Utterly bonkers yet devilishly funny
17 October 2015 | by See all my reviews

My first taste of this year's BFI London Film Festival was Ben Wheatley's High-Rise, a film based on the 1975 novel of the same name by J.G. Ballard. High-Rise is one of the more bizarre films you could wish to see but its perfect blend of out-there characters and devilish humour make it one of the most mesmerising films of the last few years.

In 1975 London, Dr Robert Laing (Tom Hiddleston) is a young doctor seduced by the lifestyle in a high-rise, created by Anthony Royal (Jeremy Irons) as an isolated community cut off from the rest of society.

Laing meets many of the high-rise's residents and soon realises that normality isn't something easy to find on any of the floors. One of the residents, Richard Wilder (Luke Evans), who works as a documentary filmmaker, takes it upon himself to expose the class injustices that come as a way of life in the high-rise, causing a dangerous social situation to arise and social groups breaking up into violent tribes.

Believe it or not, High-Rise is the first Ben Wheatley film I have seen however, if this is anything to go by, I will need to check out the rest of his filmography right away. Wheatley has that rare quality as a filmmaker to make a film feel unique within its genre, with High- Rise being quite unlike many thrillers I've ever seen.

The film is brilliantly written by Amy Jump, a long time collaborator with Wheatley, with the twisted characters clashing throughout with the equally twisted screenplay devilishly weaving its way from floor to floor. The social commentary that both the book and film delves into regarding the developments in technology warping the human psyche is such an interesting aspect of the story and one that resonates very loud and clear in today's world.

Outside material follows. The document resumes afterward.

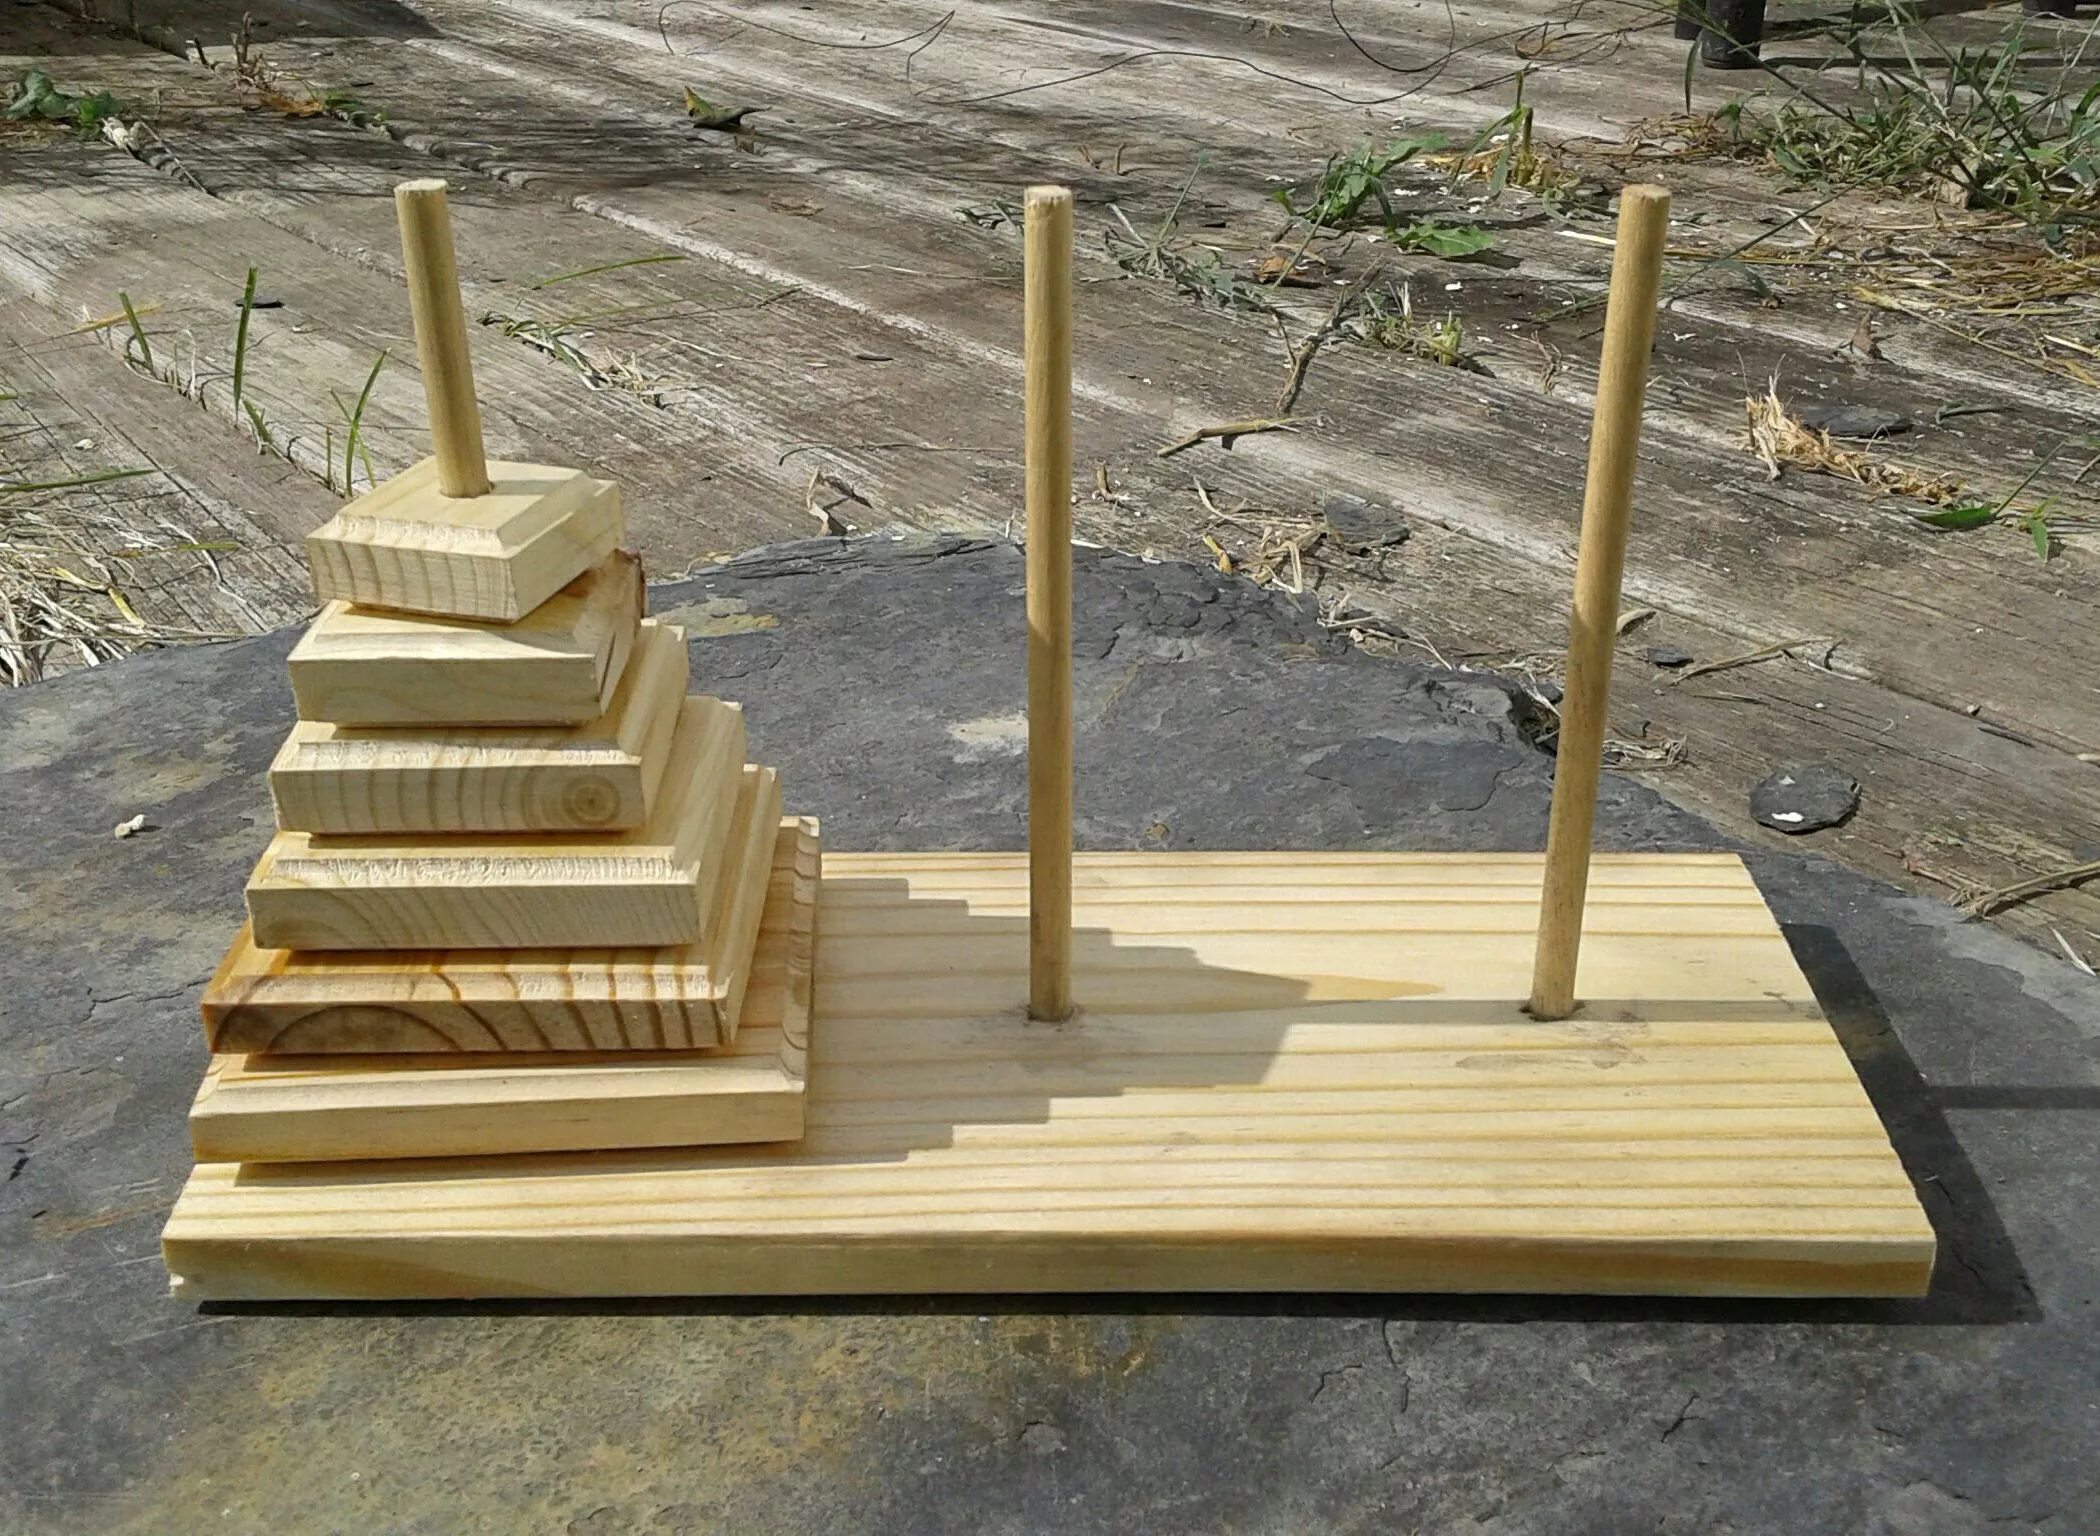 Игра ханойская башня. Ханойская пирамида. Ханойская башня Легенда. Головоломка «Ханойская башня». Игры из деревянных изделий.

The performances in High-Rise play a massive part in making it such an engrossing watch. Each and every one of the actors delves right into the psyche of their respective character and look like they're having an absolute blast taking them on such a downward spiral. Tom Hiddleston just oozes class and yet again delivers a fine performance, though for me, the most impressive performance comes from Luke Evans as the mentally tortured Wilder.

The film is also shot incredibly well, with Mark Tildesley's production design being brought to life through some wonderful cinematography from another long time collaborator with Wheatley, Laurie Rose. Clint Mansell's menacing score really does bring that sense of impending chaos to the fore and accompanies the film's visuals very effectively.

Of course, with any film as bonkers as High-Rise, comes the chance that audiences may feel alienated from the plot and characters however, if you are willing to switch your mind to escape mode, High-Rise may prove as captivating to you as it was to me.